Когда я сообщила маме, что вошла в команду оживления, она вздохнула:

– Почему ты захотела в этом участвовать? – Она сама была в группе поддержки, сказала мама, и ее просто трясет от воспоминаний. Футбол – варварство. И группа поддержки – способ промывания мозгов женщин, чтобы те думали, будто мужчины – звезды, а большинство женщин считали бы, что всю жизнь должны стоять на обочине и поддерживать мужчин.

– Не становись еще одной малышкой в группе поддержки, – посоветовала мама. – Будь звездой собственного шоу. Даже если нет публики.

Я понимала, в ее словах есть смысл. Но все-таки мне нравилось находиться в команде оживления. Это было весело, у меня появились друзья. А еще я поняла, что в школе Байлера очень важно обладать силой духа.

Впрочем, Лиз приняла мамин совет близко к сердцу.
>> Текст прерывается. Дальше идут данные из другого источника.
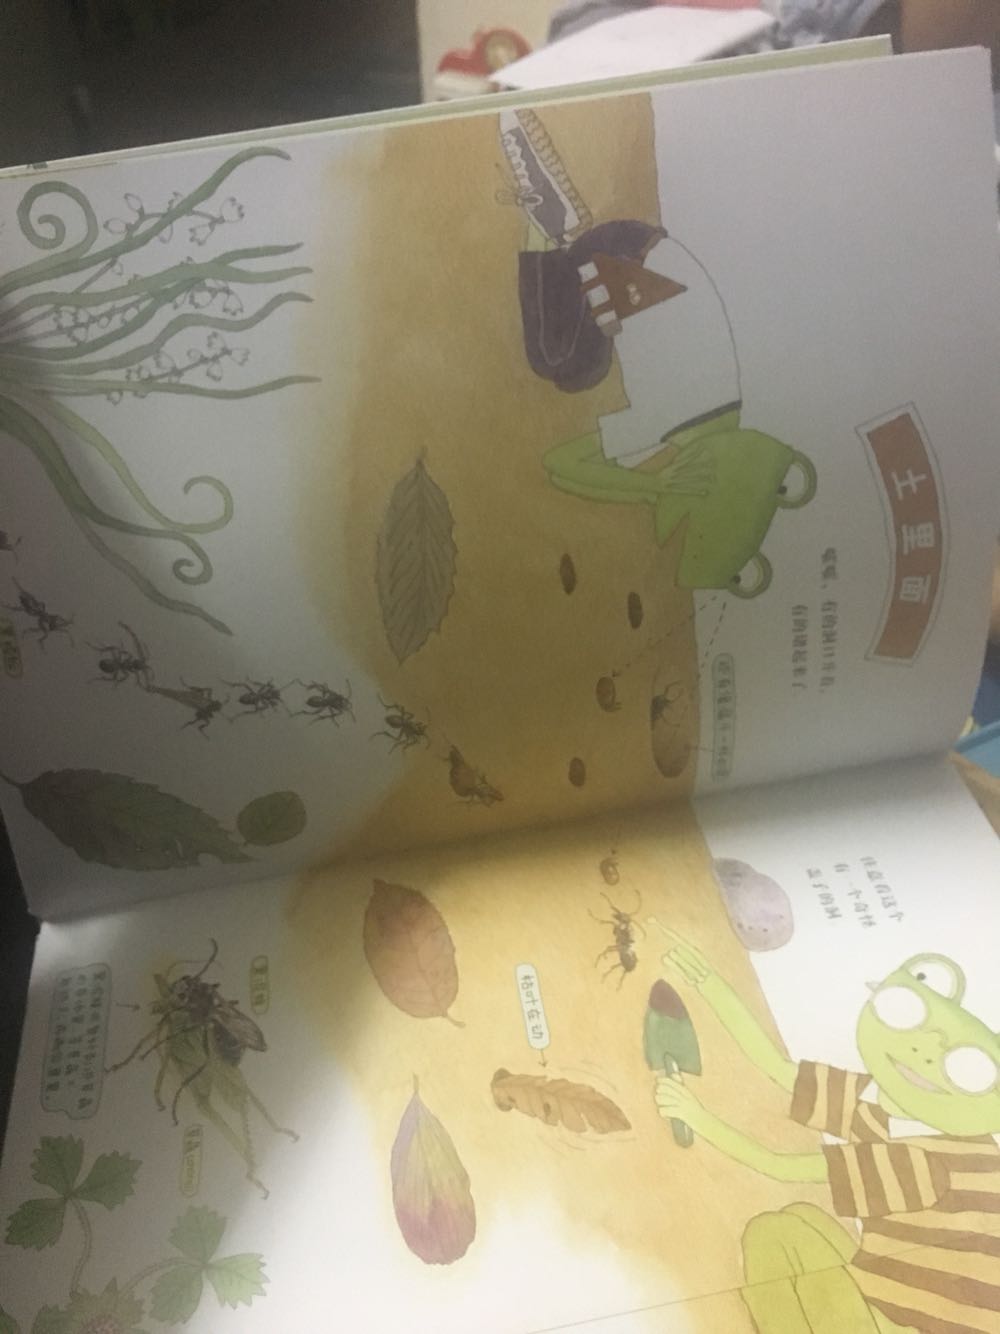 很不错的一本自然书，让孩子认识昆虫，平时看到都会很喜欢。

Она склонялась к тому же и была рада, что в перспективе мама поддержит ее мнение. Я изо всех сил старалась добиться в Байлере успеха, но сестра постоянно делала замечания по поводу необычных местных привычек, бросалась латинскими выражениями, поправляла грамматику соучеников и гримасничала, услышав музыку кантри. После первого дня в школе мы с Лиз стали носить голубые джинсы, но через две недели сестра вернулась назад к наряду, который выделял ее из всех, к той самой оранжево-пурпурной юбке, к берету, и недавно надела даже какую-то мамину одежду – ту самую, что хотел на нас напялить дядя Тинсли, – твидовый охотничий жакет и бриджи для верховой езды. Прошли годы с тех пор, как я училась в школе вместе с Лиз, но тогда, когда я думала о ней как о блистательной, прекрасной и во всем совершенной, стало ясно: другие дети в Байлере считали, что сестра ведет себя странно и что-то изображает.
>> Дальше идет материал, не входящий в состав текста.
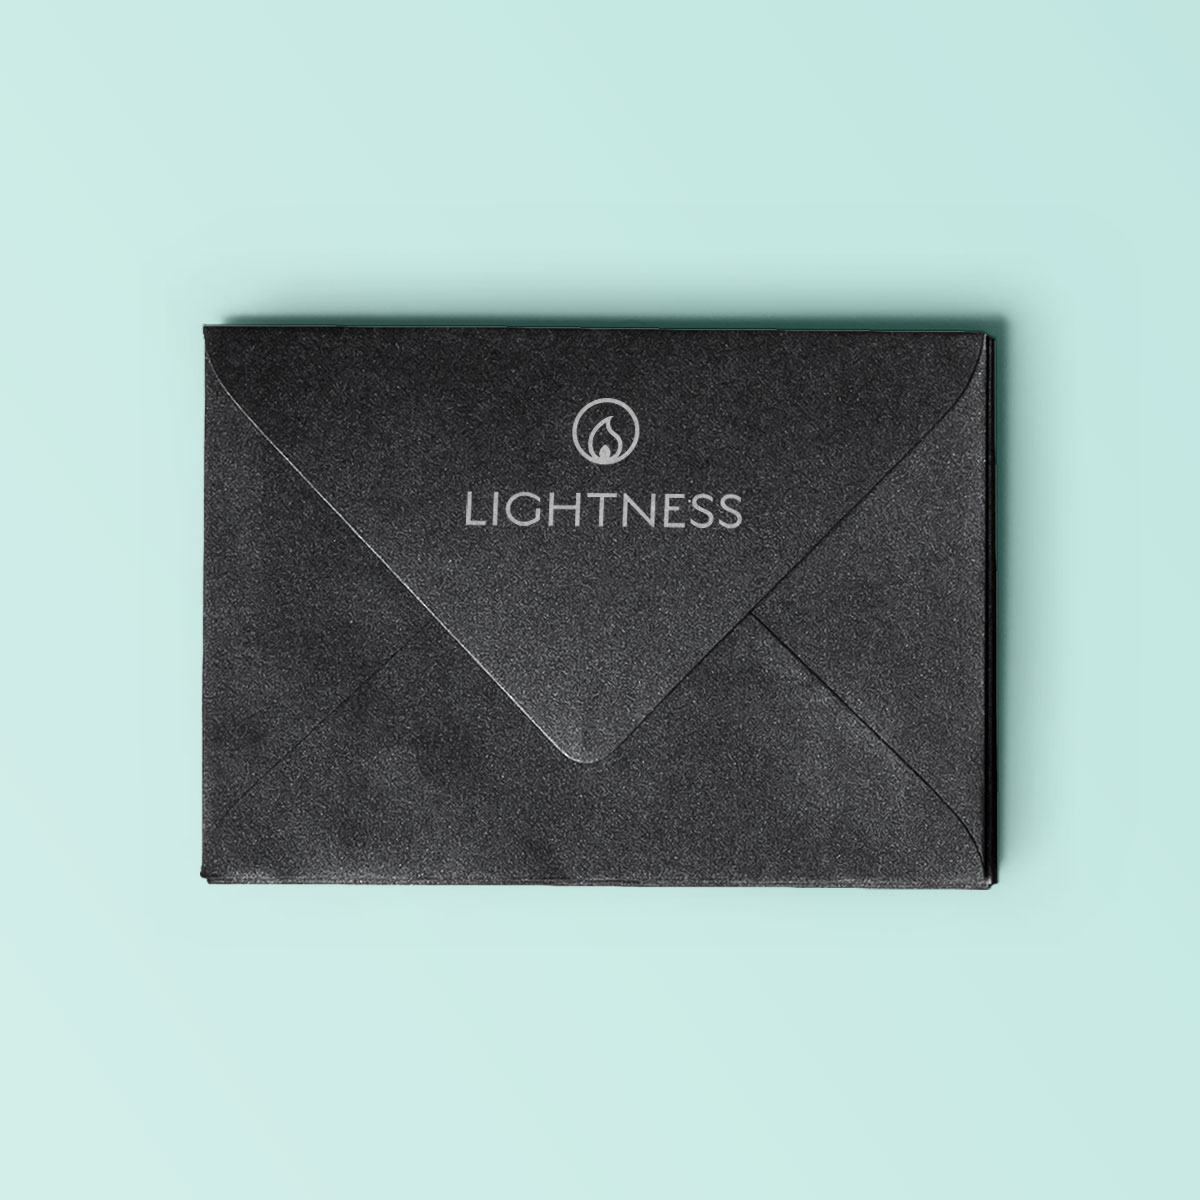 Lightness Brand Design

В Калифорнии мы не обращали внимание на спорт. Серьезно относились к спорту только ребята из команды. Но в Байлере всем городом владели «Бульдоги». Знаки приветствия команды вывешивались в витринах вдоль Холлидей-авеню. Люди писали лозунги «Бульдогов» на стеклах своих машин и домов и сажали в свои садах белые и красные цветы. Взрослые обсуждали, какие перспективы у команды, и спорили о силе и слабости отдельных игроков. Учителя прерывали уроки, чтобы поговорить о предстоящей игре. И все относились к игрокам команды, как к богам.
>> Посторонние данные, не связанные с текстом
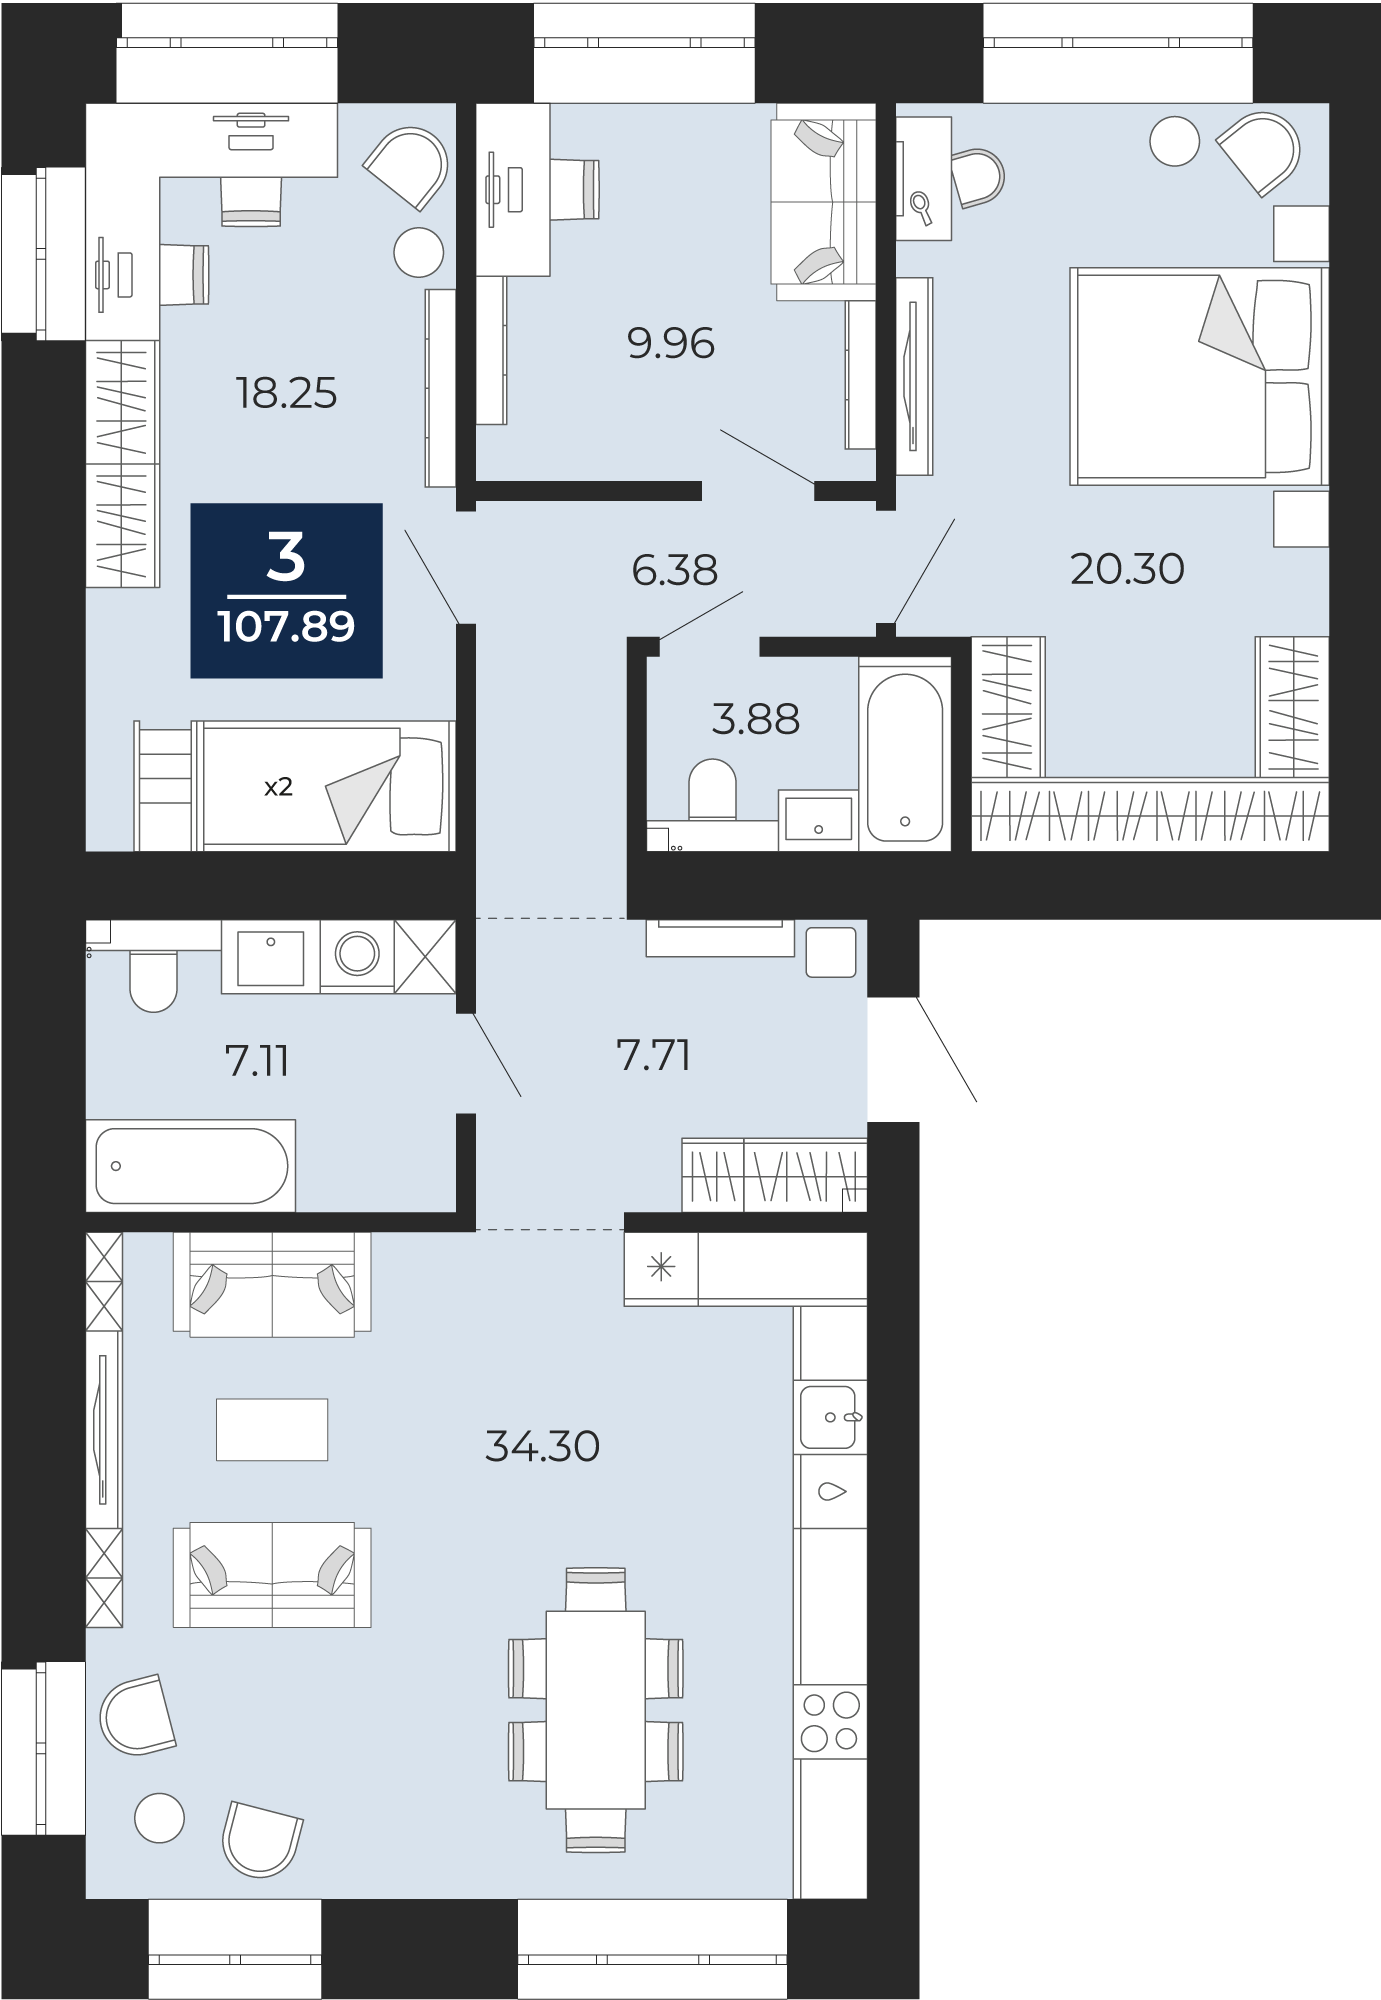 Квартира № 195, 3-комнатная, 107.89 кв. м, 2 этаж

В день игры полагалось надеть в школу красное и белое. Это не являлось правилом, но все так поступали, сказала мне Терри Прюитт. В день открытия сезона, когда «Бульдоги» должны были играть с «Совами», я надела красно-белую майку. Лиз поступила по-своему, надев оранжево-пурпурную юбку и заявив, что она нонконформист, как мама. Она надевала голубое платье, когда этого хотел Мэддокс, и сопровождала его, что бы он ни говорил, но лишь потому, что она была у него на службе. Никто в школе Байлера не советовал Лиз, что надевать или кого приветствовать.

В день игры от всех требовались бодрость духа, оживление и поддержка. Я отправилась украшать спортивный зал. Дети и учителя были в красном и белом, включая бывших учеников Нельсона. Классы соревновались в громкости своей поддержки, самый шумный выигрывал палочки с изображением бульдогов и привилегию размахивать ими вечером во время игры. Когда подошла очередь седьмого класса, мы с Ванессой стояли перед классом и размахивали руками. Кто-то встал и крикнул:

– Уходи, Пеструшка, уходи!

Я только улыбнулась и еще сильнее завертела руками. Должна признать, что я очень возгордилась, когда мы выиграли тросточки с изображением бульдогов.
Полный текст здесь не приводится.